## [TASK DETAILS]
Copy out each line of the material exactly. Pictures do not belong in the copy.

## [DATA]
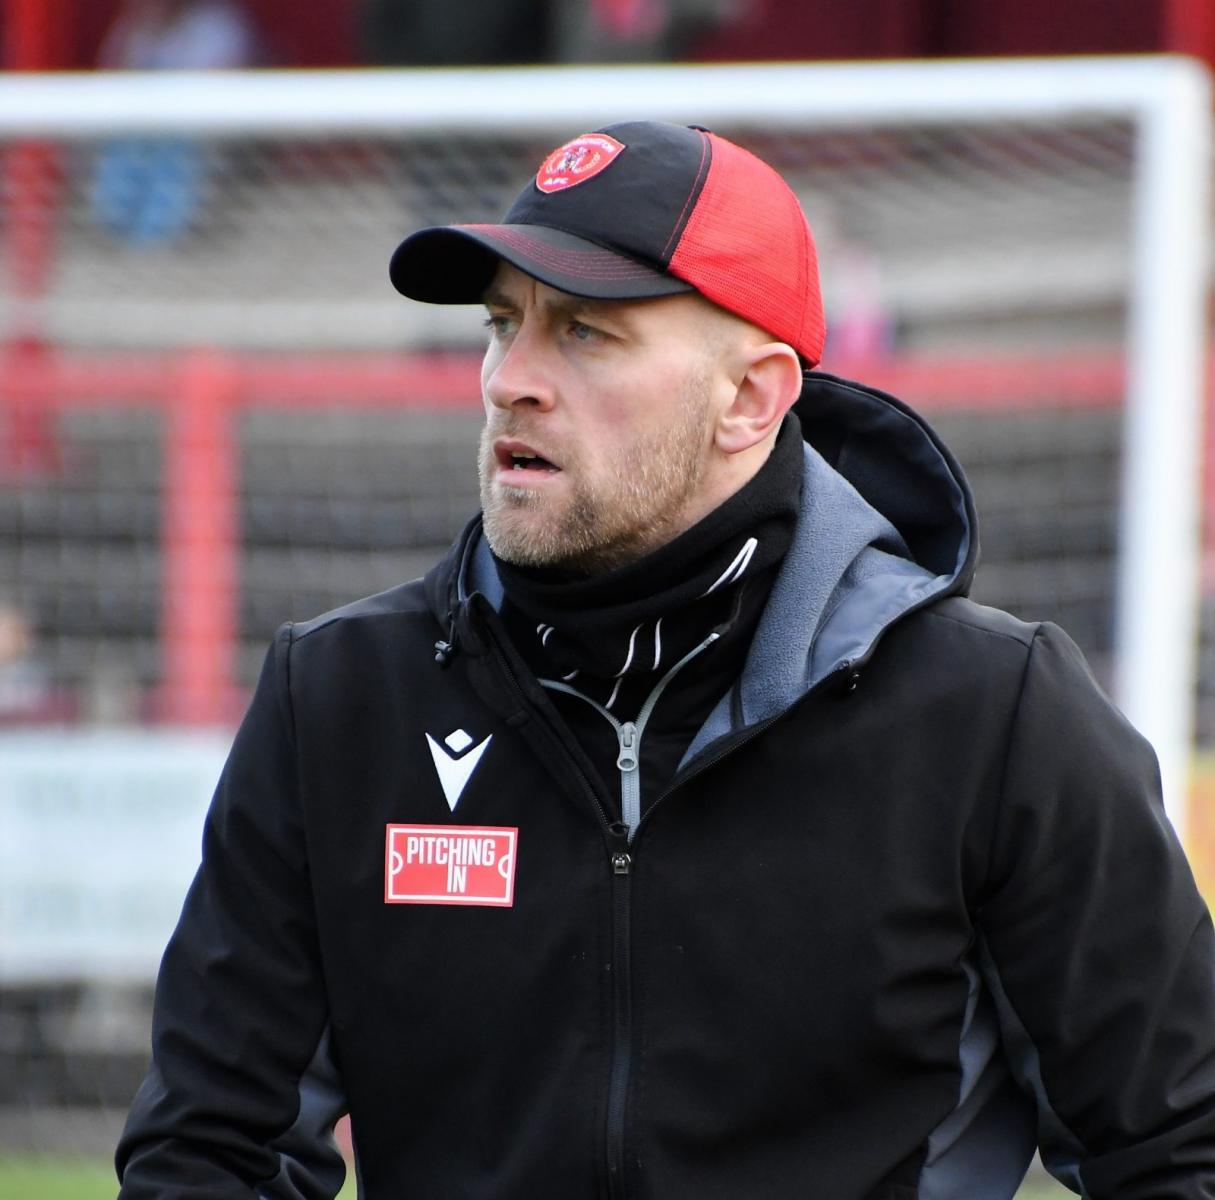 Disappointment-for-Danny-Grainger-and-the-Reds-Ben-Challis
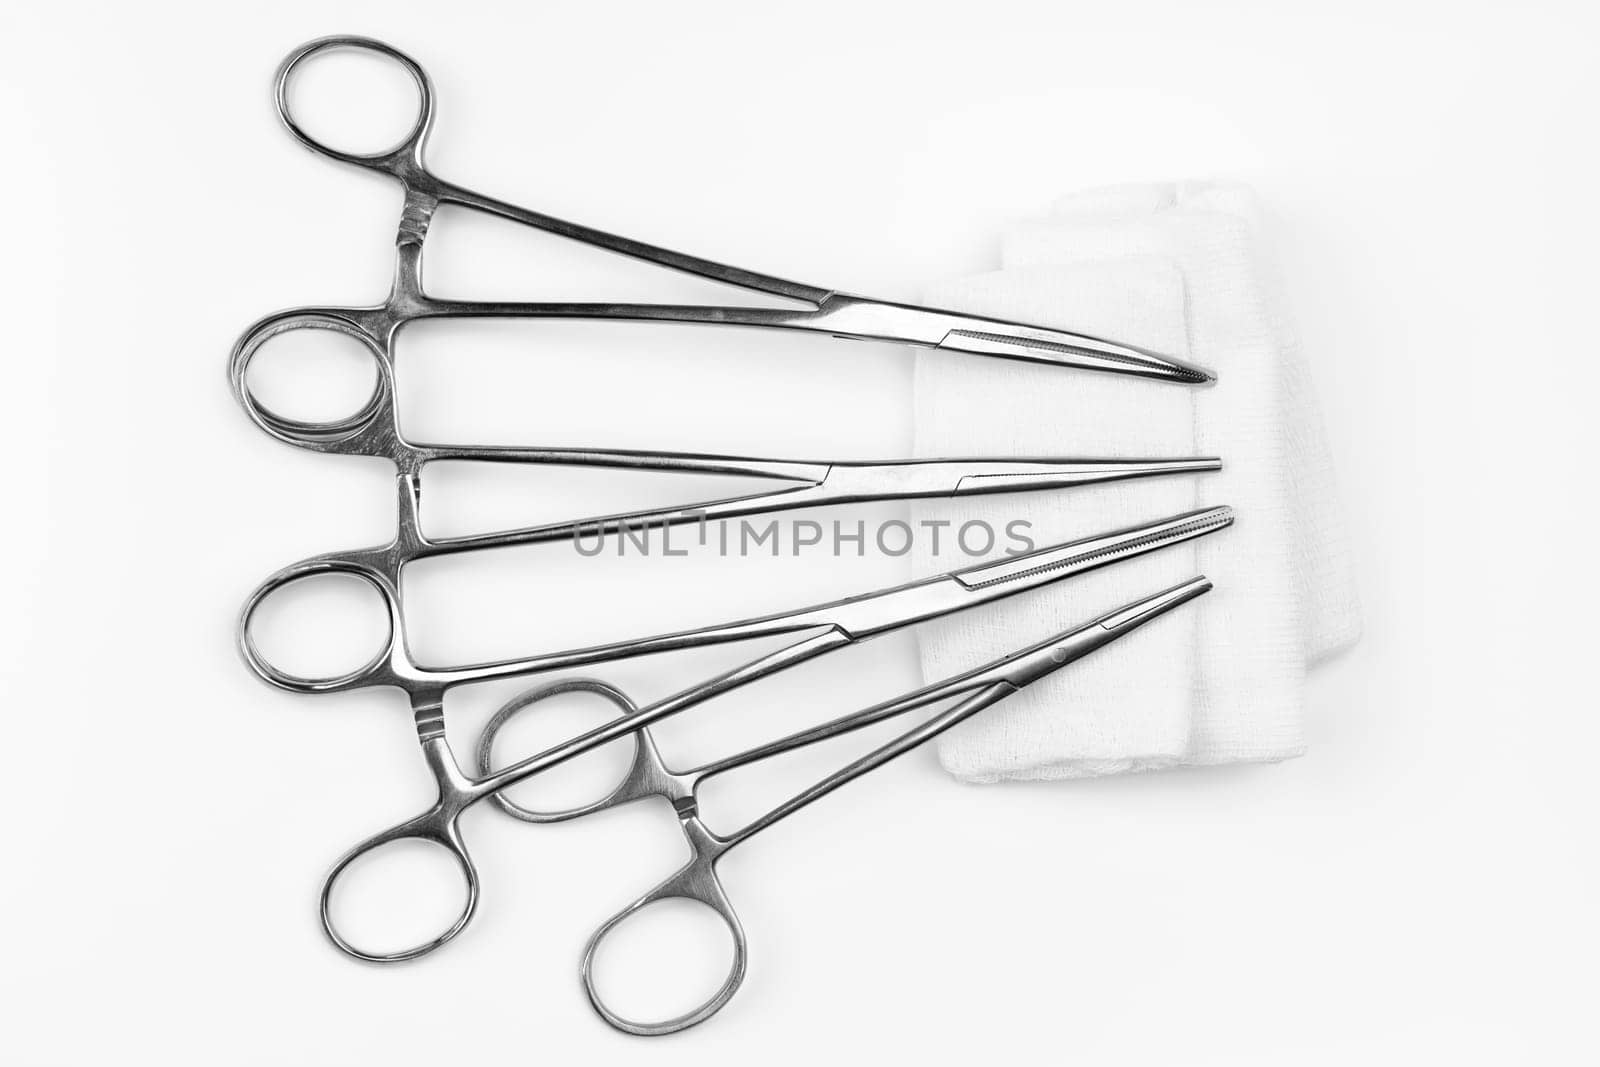 Lot of stainless surgical needle drivers lying on white sterile gauze swab. Medical instruments needle holders on white background. Healthcare and medicine concept. Flat shot, selective focus
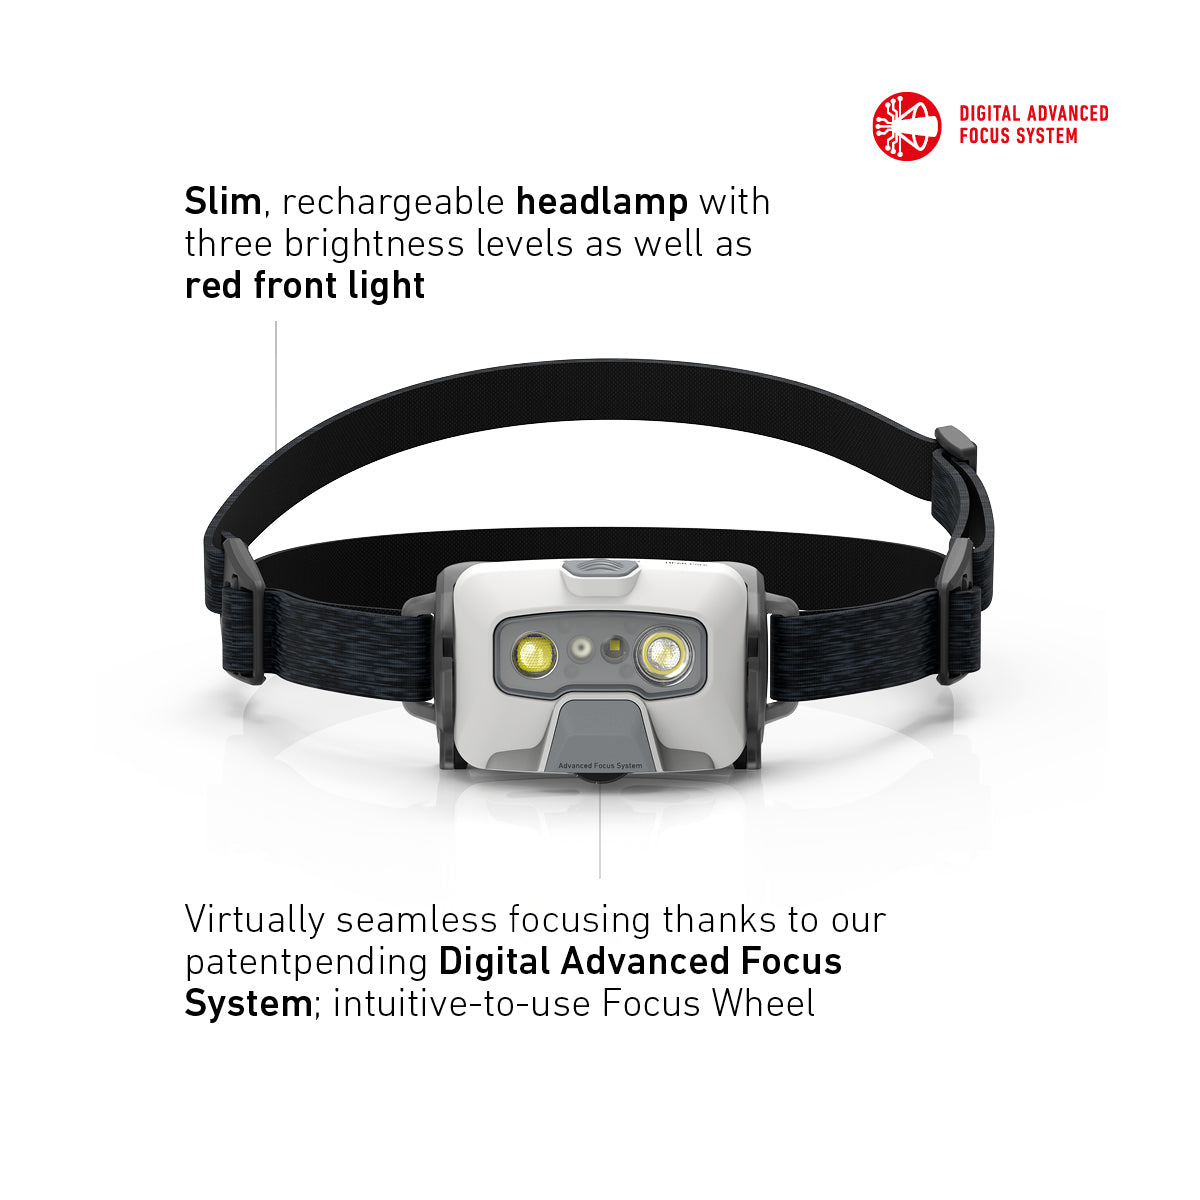 HF6R CORE Rechargeable Head Torch

## [WRITTEN RESPONSE]
 Disappointment-for-Danny-Grainger-and-the-Reds-Ben-Challis
 Lot of stainless surgical needle drivers lying on white sterile gauze swab. Medical instruments needle holders on white background. Healthcare and medicine concept. Flat shot, selective focus
 HF6R CORE Rechargeable Head Torch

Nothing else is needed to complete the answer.